シナプス後藤です。

最近、「新規事業を構築する」というテーマのワークショップ型研修が増えています。
新規事業開発ワークショップ研修

新規事業構築のポイントは幾つかあります。幾つかありますが、初期段階の難しさは「テーマ設定」ですね。
新規事業を考える場合、特に大きな事業規模を期待する場合、世の中が大きな課題を抱えている必要があります。

新規事業のテーマを扱っていると良く出てくるのが、自動車、携帯電話、食、医療、ですが、これらはどれも事業規模が大きくなることが多いです。
自動車、携帯電話は完成品の数が大きいので、部品一個当たりの単価が安くても最終的に台数が出るため大きな市場になります。また、食はほぼすべての人に関係しますし、医療も「要らない」と考える人が少ないのに加えて、参入してしまえば比較的利益率の高い業界になるので魅力に感じるわけです。

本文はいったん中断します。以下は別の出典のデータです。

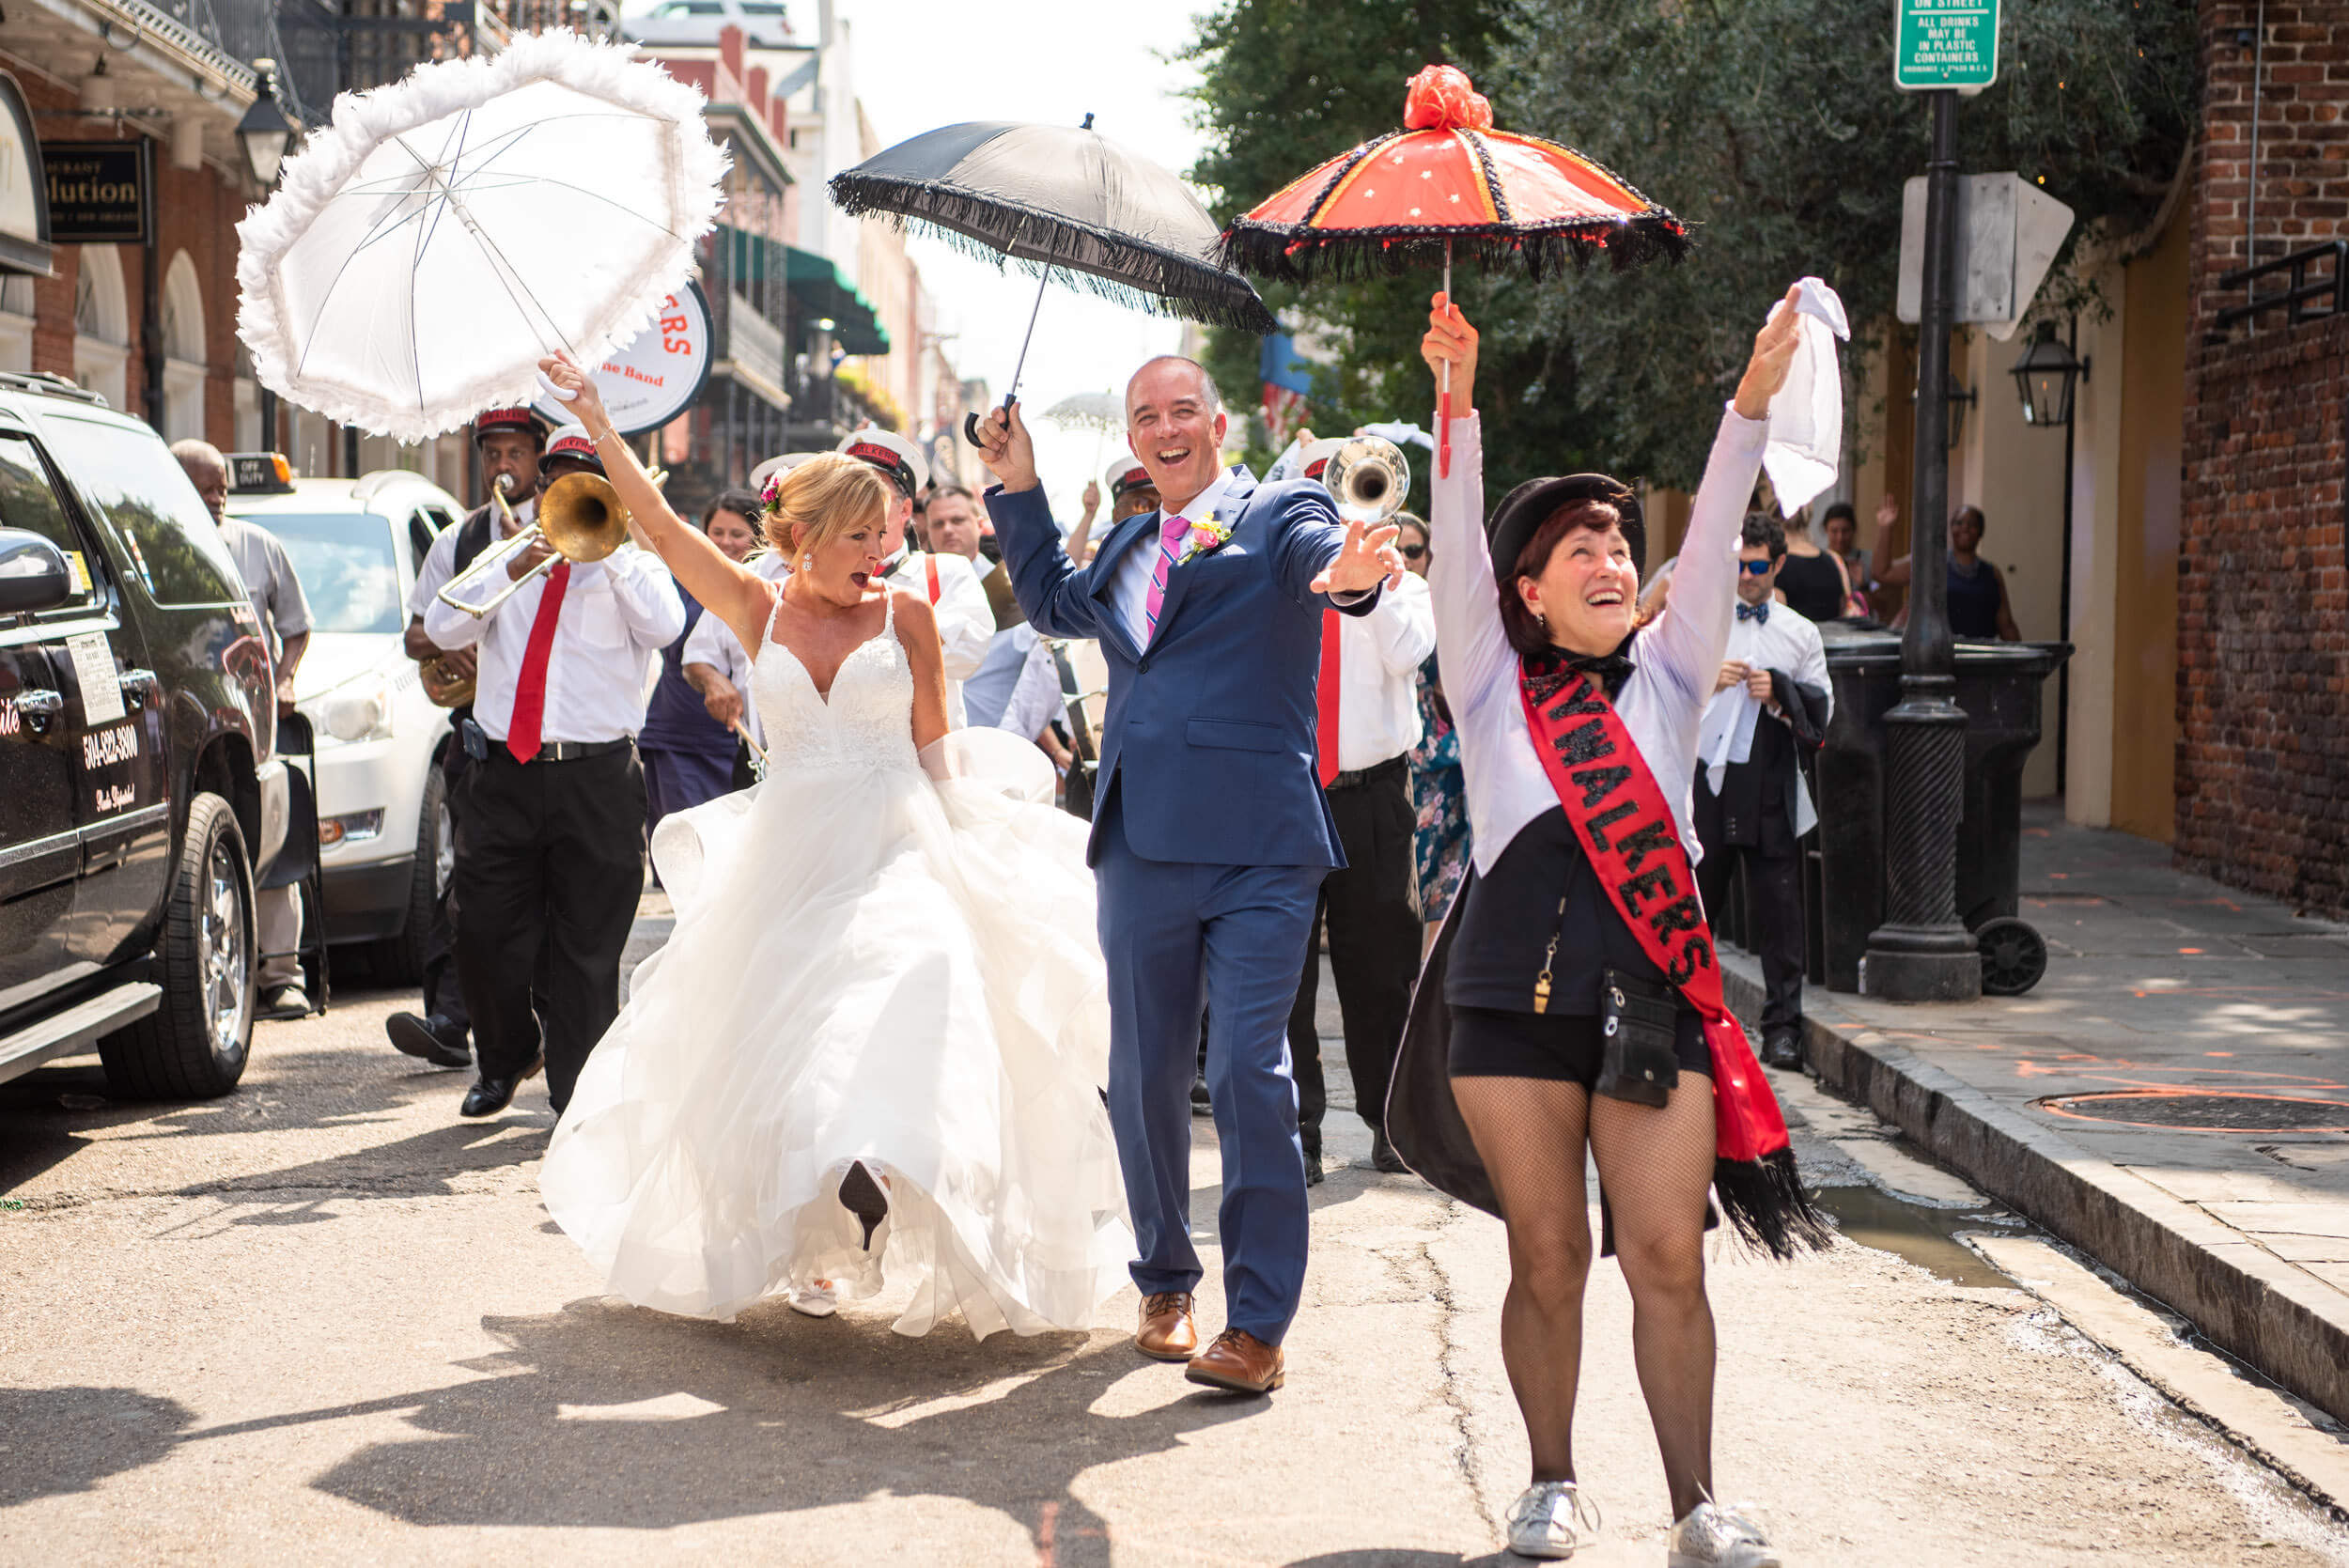 New Orleans wedding secondline parade featuring The Jaywalkers. Captured by New Orleans wedding photographers from The Red M Studio.

業界はどこでもチャンスはあるのですが、間違いやすいのが、「業界のメインストリームで勝負しようとする」ことです。
例えば、今、自動車業界はコストダウンとEV化が大きなテーマです。ここで、
・提供する商品を安くして事業を拡大する
・電池の容量を拡大する
と言うようなテーマは出やすいのですが、大体上手く行きません。上手く行かない理由は二つあり、
1) あらゆるプレイヤーが指向している領域なので競争が厳しすぎる
2) 出来そうなことであればその企業が既に取り組んでいるはず
だからです。

それよりも、「解決されない困ったこと」、つまり「不」(不満、不安、不便、不都合、等)を解消することを考えた方が良いと思います。上記の「業界のメインストリーム」は解決されない困った事ではなく、「時間の問題で解決されてしまう、そこそこ困っていること」、だと思うのです。

だから、世界を変えるほどのイノベーションは、メインストリ−ムを考えるのではなく、違うところを考える必要があります。それには、顧客の困り事を探しに行く必要があります。例えば自動車の困り事を考えたければ、自動車を運転しているところを見る、自分で運転してみることで「困ったこと」を探すのが良いのではないでしょうか。


顧客が「安くして欲しい」と言うから、コストダウンできる事業を考える、と言うのはあくまで短絡的だし、他社が値引きしたら、更に値引きをしなければならなくなります。

新規事業を考える際には、「メインストリームではないところ」を探す、これが効率のよい考え方でしょうね。